If you see a picture in the data below, omit it and copy the rest exactly.

• SUPPLIED INFORMATION
+--

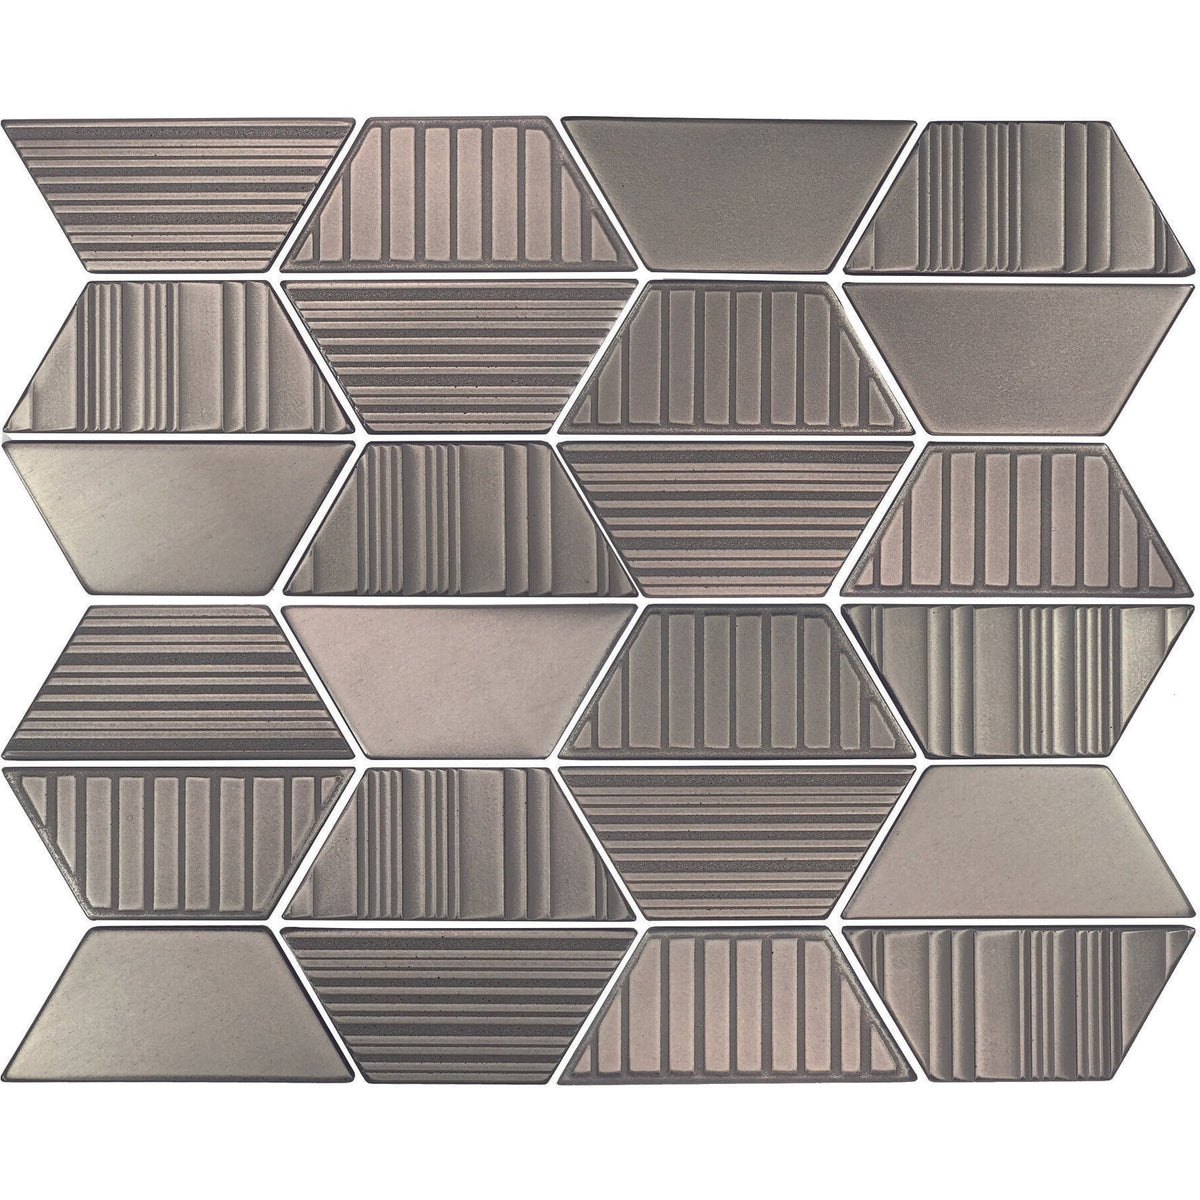 Daltile - Industrial Metals 10 in. x 13 in. - Trapezoid Mosaic - Stainless
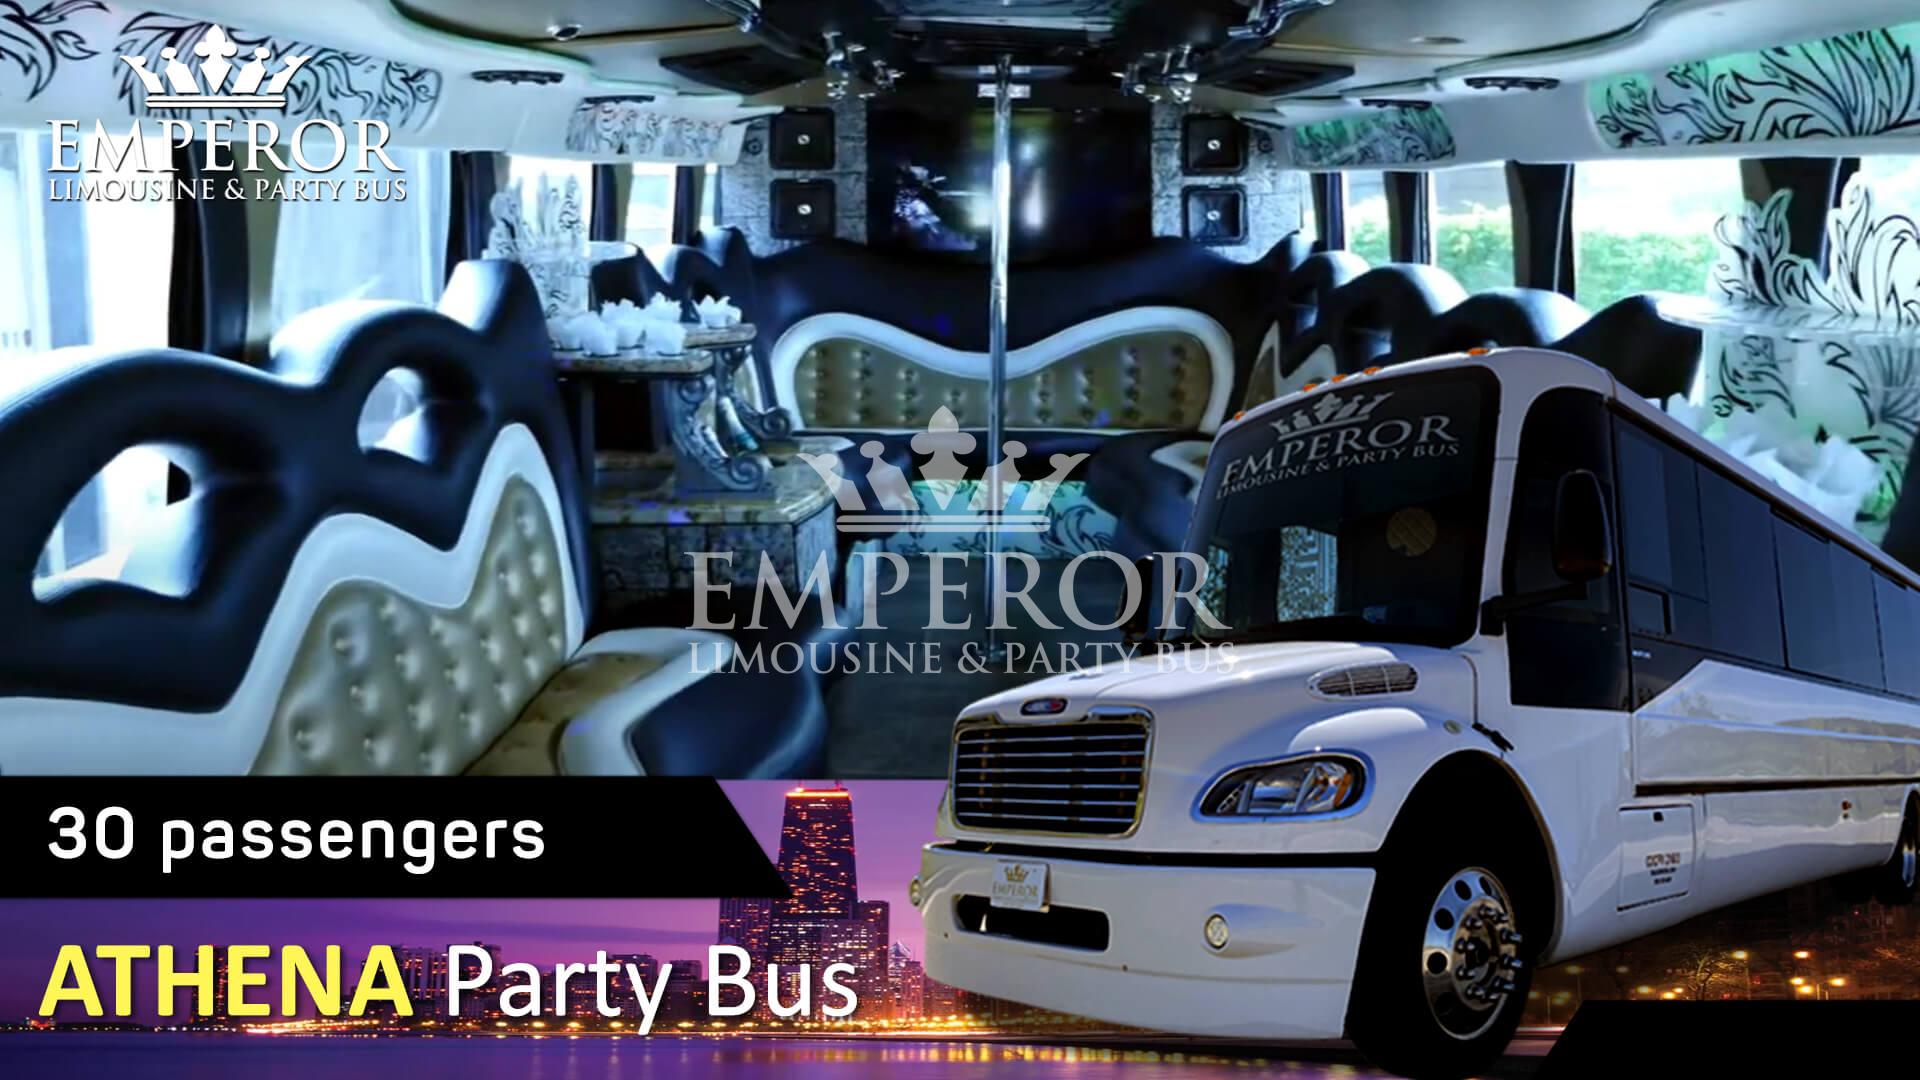 Party bus rental service in Broadview - Athena Edition
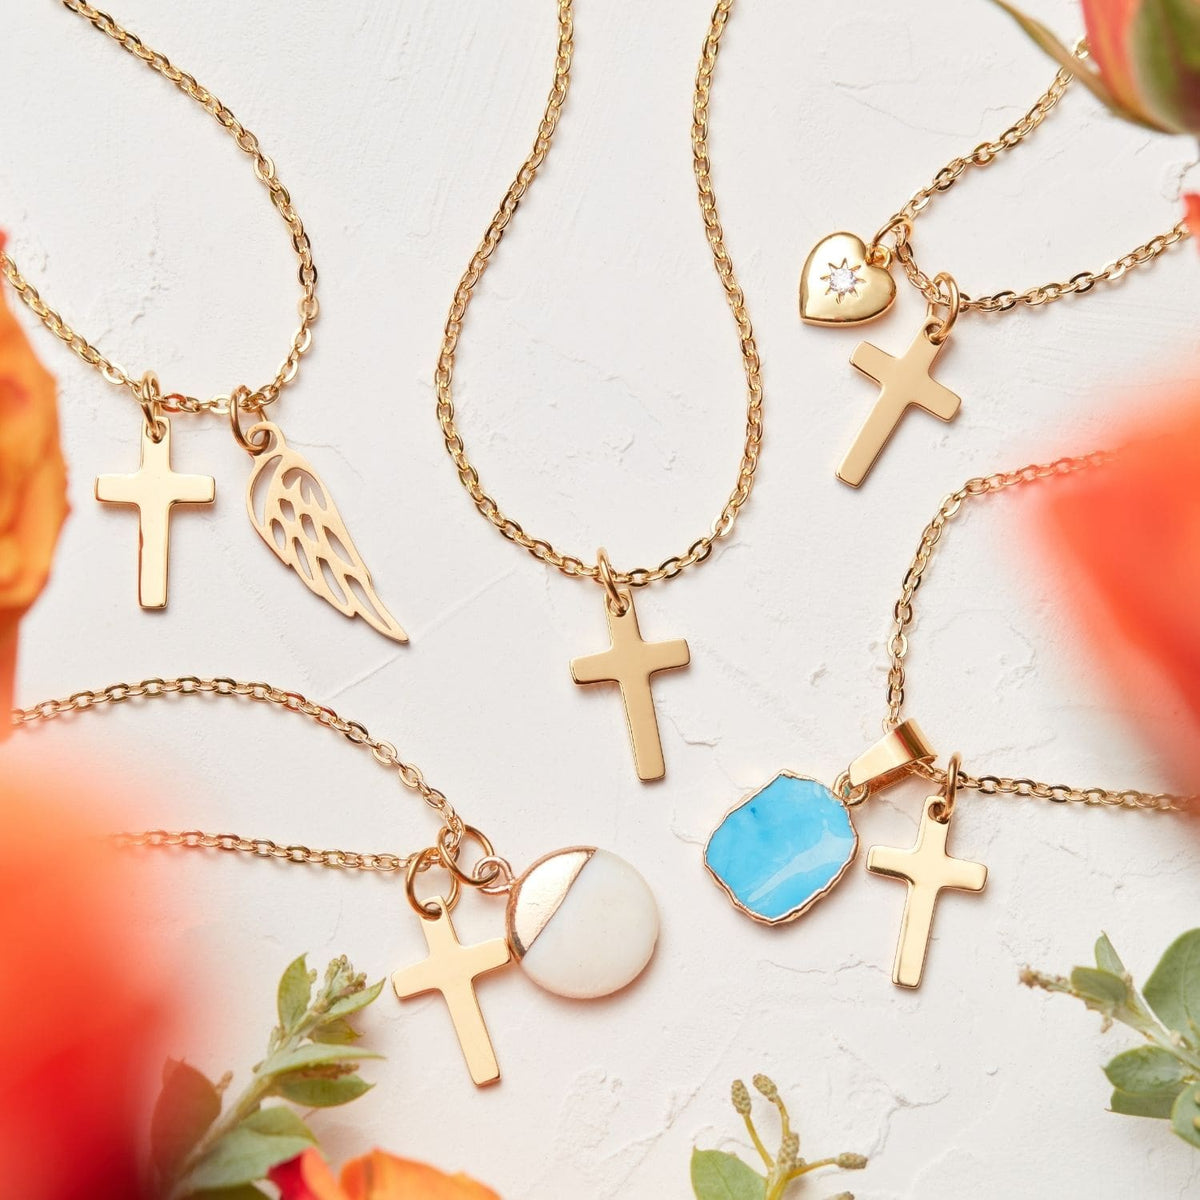 To My Daughter | Isaiah 44:3-5 | Cross Necklace

+--

• REPLY
 Daltile - Industrial Metals 10 in. x 13 in. - Trapezoid Mosaic - Stainless
 Party bus rental service in Broadview - Athena Edition
 To My Daughter | Isaiah 44:3-5 | Cross Necklace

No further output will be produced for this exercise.